## WORK INSTRUCTION
Here are some records; copy every line that holds the word "List".

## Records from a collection
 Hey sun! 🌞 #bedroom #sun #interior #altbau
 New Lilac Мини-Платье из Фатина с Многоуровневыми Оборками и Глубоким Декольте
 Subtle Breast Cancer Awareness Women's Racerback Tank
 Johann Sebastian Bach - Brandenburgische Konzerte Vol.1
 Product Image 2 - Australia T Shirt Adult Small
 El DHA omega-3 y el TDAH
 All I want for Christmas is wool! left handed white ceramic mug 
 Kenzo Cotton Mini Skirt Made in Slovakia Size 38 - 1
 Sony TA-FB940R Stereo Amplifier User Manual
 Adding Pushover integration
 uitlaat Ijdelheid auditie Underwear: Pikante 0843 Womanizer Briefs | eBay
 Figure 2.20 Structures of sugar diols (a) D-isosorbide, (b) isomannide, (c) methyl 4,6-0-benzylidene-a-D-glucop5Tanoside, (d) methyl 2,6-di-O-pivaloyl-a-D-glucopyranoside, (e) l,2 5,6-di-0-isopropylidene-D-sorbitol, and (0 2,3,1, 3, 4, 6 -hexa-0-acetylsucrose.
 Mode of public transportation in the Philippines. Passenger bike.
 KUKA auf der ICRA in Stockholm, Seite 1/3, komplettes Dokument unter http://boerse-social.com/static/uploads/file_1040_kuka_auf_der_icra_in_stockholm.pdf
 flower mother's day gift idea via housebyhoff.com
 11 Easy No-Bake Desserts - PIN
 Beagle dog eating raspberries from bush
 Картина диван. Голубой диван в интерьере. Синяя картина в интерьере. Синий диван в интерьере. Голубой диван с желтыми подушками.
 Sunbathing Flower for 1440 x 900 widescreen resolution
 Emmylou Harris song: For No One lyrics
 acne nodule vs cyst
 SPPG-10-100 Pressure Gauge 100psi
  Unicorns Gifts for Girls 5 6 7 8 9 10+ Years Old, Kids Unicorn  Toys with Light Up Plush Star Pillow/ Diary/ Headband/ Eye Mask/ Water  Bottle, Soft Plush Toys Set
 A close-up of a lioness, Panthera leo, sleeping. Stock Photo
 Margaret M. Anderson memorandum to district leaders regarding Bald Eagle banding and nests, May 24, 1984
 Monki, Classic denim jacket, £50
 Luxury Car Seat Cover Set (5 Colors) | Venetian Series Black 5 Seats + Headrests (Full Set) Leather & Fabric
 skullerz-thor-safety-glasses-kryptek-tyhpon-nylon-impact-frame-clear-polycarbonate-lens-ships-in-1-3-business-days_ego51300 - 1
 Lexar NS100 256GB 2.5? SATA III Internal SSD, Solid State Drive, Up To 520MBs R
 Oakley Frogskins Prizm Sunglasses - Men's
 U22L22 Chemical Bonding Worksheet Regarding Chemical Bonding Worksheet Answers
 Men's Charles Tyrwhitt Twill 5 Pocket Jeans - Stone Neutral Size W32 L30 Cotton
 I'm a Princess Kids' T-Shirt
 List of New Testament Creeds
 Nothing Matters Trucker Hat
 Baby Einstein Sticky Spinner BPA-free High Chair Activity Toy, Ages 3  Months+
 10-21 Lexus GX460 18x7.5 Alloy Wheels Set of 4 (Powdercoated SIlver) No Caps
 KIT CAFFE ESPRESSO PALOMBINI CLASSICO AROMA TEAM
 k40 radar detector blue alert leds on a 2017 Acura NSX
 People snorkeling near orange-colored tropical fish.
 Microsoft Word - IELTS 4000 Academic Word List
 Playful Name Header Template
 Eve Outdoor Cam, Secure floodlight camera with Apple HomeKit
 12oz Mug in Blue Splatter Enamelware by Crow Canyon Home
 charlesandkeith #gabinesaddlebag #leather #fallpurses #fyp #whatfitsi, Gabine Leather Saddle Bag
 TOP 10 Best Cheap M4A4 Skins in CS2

## RESULT OF THIS EXERCISE
 List of New Testament Creeds
 Microsoft Word - IELTS 4000 Academic Word List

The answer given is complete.